[Vision2020] The Jesus Police Lose Again

Art Deco deco at moscow.com
Fri Jul 2 07:55:13 PDT 2010

Posted on Fri, Jul. 2, 2010

Judge: Pennsylvania can't block 'I Choose Hell' corporate name
By Nathan Gorenstein

Inquirer Staff Writer

Filmmaker George Kalman can now Choose Hell, and make it official.

In 2007, the independent video producer and director wanted to give his fledging business a corporate identity with a touch of personal philosophy, and so he filed paperwork to register the name "I Choose Hell Productions L.L.C."

No offense was intended to anyone, Kalman says. It's an antisuicide message, he explained, as in hell on Earth is better than the alternative.

But Kalman ran afoul of a 1977 Pennsylvania law that bans "blasphemy" in corporate names.

Of course, as world history has long proved, one person's religious insult is another person's statement of personal belief. And vice versa. Offended at the state's apparent arbitrariness, Kalman recruited the ACLU.

Cut to three years later, and U.S. District Judge Michael M. Baylson releases a 67-page opinion declaring the law unconstitutional.

The problem, Baylson wrote, was that the only religion that seemed to matter was Christianity, and the rules were arbitrarily applied by workers at the Department of State's Corporation Bureau with no training in religion. Then there was the matter of an ever-changing list of forbidden words.

Indeed, the office has approved Butt Beer, the Satan Management Corp., and Devil Media, not to mention Hell Razor Records, Hell Mountain Farm and Hell's Half-Acre Lake Volunteer Fire Co. (That's in Wyoming County.)

So why was Kalman singled out? It sounded unseemly in a religious sort of way, state workers said.
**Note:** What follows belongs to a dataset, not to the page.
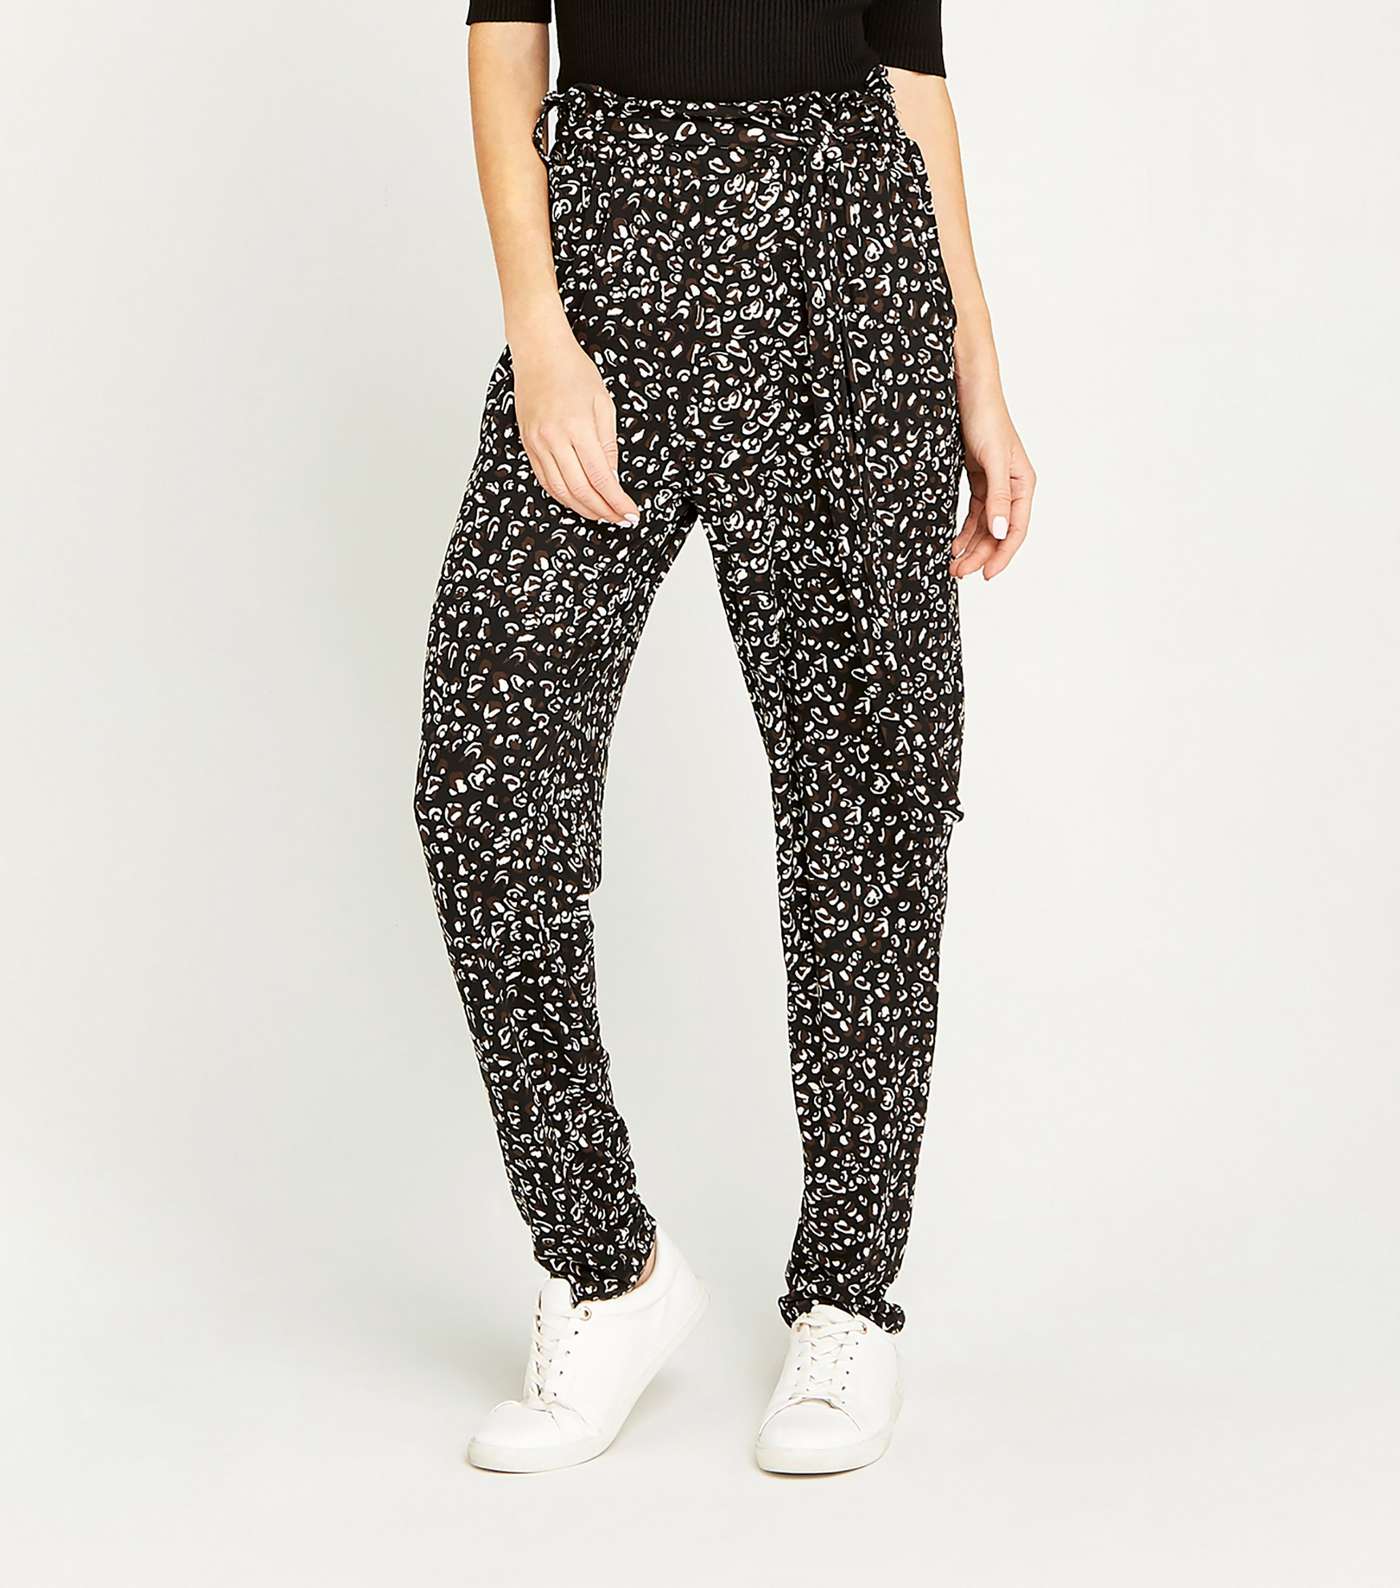 Apricot Brown Leopard Print Soft Touch Trousers

Kalman, who has a full-time day job as chief technology officer for Banyan Productions, was planning to spend Thursday evening reading the judge's ruling, which includes a lengthy discourse on the history of blasphemy statutes dating to 1648, when the British Parliament said blasphemers could get the death penalty.

"The only reason I filed the name is because in my movie the subject was always beating away depression and suicidal tendencies. The idea is that if life is hell, don't kill yourself, because you already own your own death," said Kalman, 50, of Downingtown.

Thomas H. Lee II, Kalman's attorney, encountered a surprise when he researched the case. "I assumed that this was a statute that was left over from either the 19th or early 20th century. I was surprised to find that it dated only to 1977," Lee said.

That was when a gun-shop owner in Western Pennsylvania incorporated the name "The God Damn Gun Shop" (that was what his wife called it) and put up a sign, angering local ministers. House Bill 371 soon followed, declaring that corporate names "shall not contain words that constitute blasphemy, profane cursing or swearing, or profane the Lord's name."

Up until now, Kalman has been operating under the corporate name ICH Productions. A Google search will turn up his website and his films, one of which was selected for the New York International Independent Film and Video Festival.

The state can appeal, but no decision has been made. Barry N. Kramer, a senior deputy attorney general, said he and attorneys for the corporations office are studying the decision, which was handed down Wednesday.

The state could also attempt to pass a new law governing vulgarities. "The judge did leave some opening for certain obscenities to be perhaps prohibited," said Kalman.

Baylson did indicate that the state might have better luck if it drafts a more detailed, narrowly drawn statute.

"The court respects those for whom blasphemy is an important concept, and emphasizes that nothing in this opinion impacts their belief."

Rather, the law as written and implemented "impermissibly entangles [state] employee with religion by requiring them, at their own discretion, to make standardless determinations as to what constitutes blasphemy, profane cursing or swearing, or what profanes the Lord's name, based on nothing but their own religious beliefs."

Baylson continued: "Choosing Hell may be an irreverent choice for a corporate name, but under the Constitution this fact alone cannot be the basis for its suppression."